Create a New Project#

This section will show you how to a create a new Dagster project and organize your files as you build larger and larger jobs. Dagster comes with a convenient CLI command for generating a project skeleton, but you can also choose to organize your files differently as your project evolves.

If you're completely new to Dagster, we recommend that you visit our Tutorial to learn all the basic concepts of Dagster.

Generating a Project Skeleton#

If you're just starting a new Dagster project, the CLI command dagster new-project will generate a project skeleton with boilerplate code for development and testing. If you have dagster installed in your Python environment, then you can run the following shell command to generate a Dagster project called PROJECT_NAME:

dagster new-project PROJECT_NAME
cd PROJECT_NAME

The newly generated PROJECT_NAME directory is in fact a fully functioning Python package and can be installed with pip. A workspace.yaml file is also created that tells Dagit to load your code from this package. See the Workspaces page for more information on how to tell Dagster how to load your code.

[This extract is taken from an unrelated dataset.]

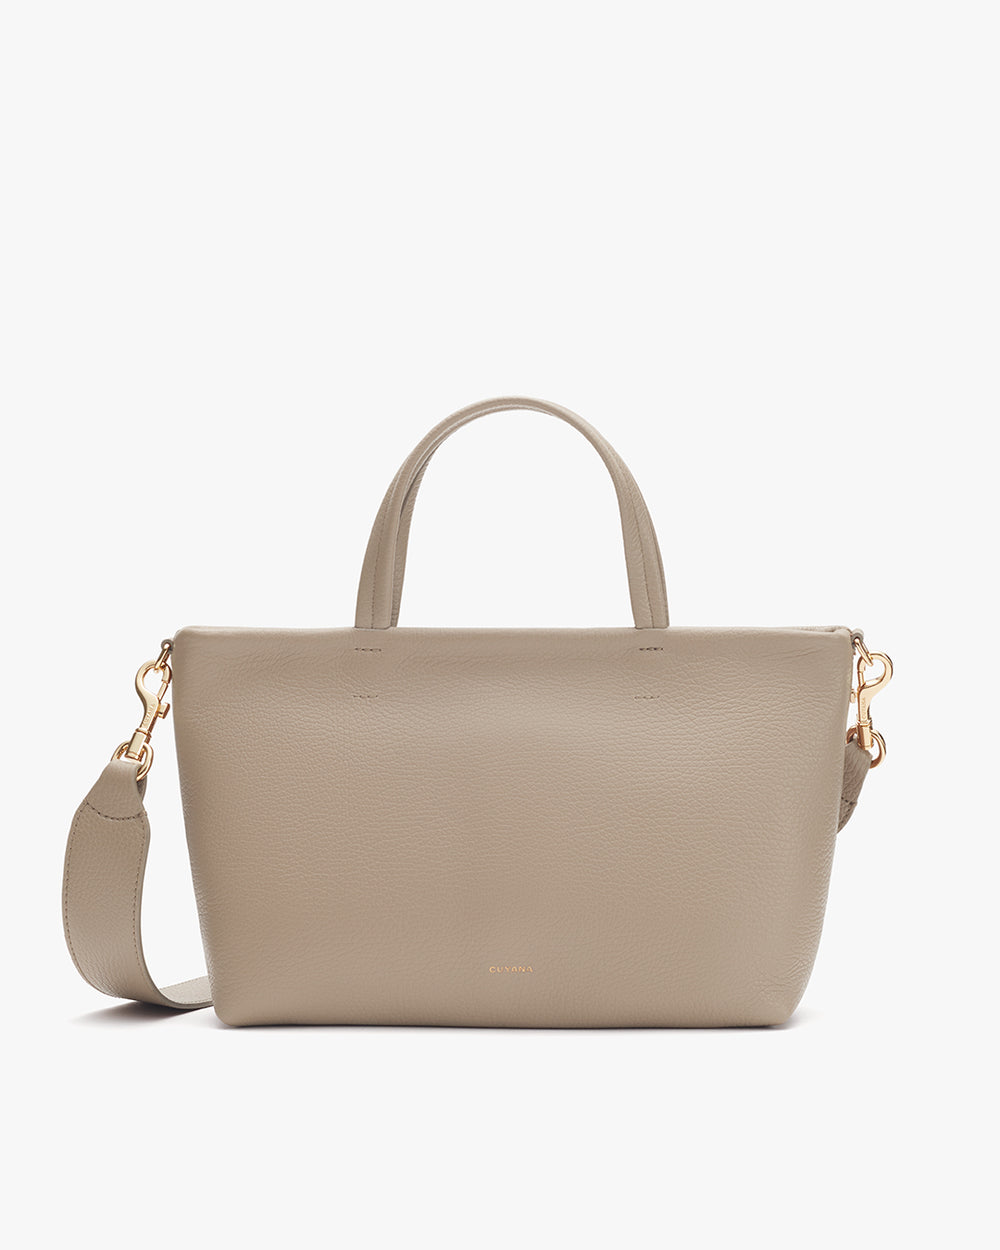 Handbag with top handles and a detachable shoulder strap.

Here's a breakdown of the files and directories that are generated:

File/DirectoryDescription
PROJECT_NAME/A Python package that contains code for your new Dagster repository
PROJECT_NAME_tests/A Python package that contains tests for PROJECT_NAME
workspace.yamlA file that specifies the location of your code for Dagit and the Dagster CLI. Visit the Workspaces overview for more details.
README.mdA description and guide for your new code repository
setup.pyA build script with Python package dependencies for your new code repository

Inside of the directory PROJECT_NAME/, the following files and directories are generated:

File/DirectoryDescription
PROJECT_NAME/ops/A Python package that contains OpDefinitions, which represent individual units of computation
PROJECT_NAME/jobs/A Python package that contains JobDefinitions, which are built up from ops
PROJECT_NAME/schedules/A Python package that contains ScheduleDefinitions, to trigger recurring job runs based on time
PROJECT_NAME/sensors/A Python package that contains SensorDefinitions, to trigger job runs based on external state
PROJECT_NAME/repository.pyA Python module that contains a RepositoryDefinition, to specify which jbos, schedules, and sensors are available in your repository

This file structure is a good starting point and suitable for most Dagster projects. As you build more and more jobs, you may eventually find your own way of structuring your code that works best for you.

Local Development#

  1. Install your repository as a Python package. By using the --editable flag, pip will install your repository in "editable mode" so that as you develop, local code changes will automatically apply.
pip install --editable .
  1. Start the Dagit process. This will start a Dagit web server that, by default, is served on http://localhost:3000.
dagit

The Dagit process automatically uses the file workspace.yaml to find your repositories, from which Dagster will load your jobs, schedules, and sensors. To see how you can customize the Dagit process, run dagit --help.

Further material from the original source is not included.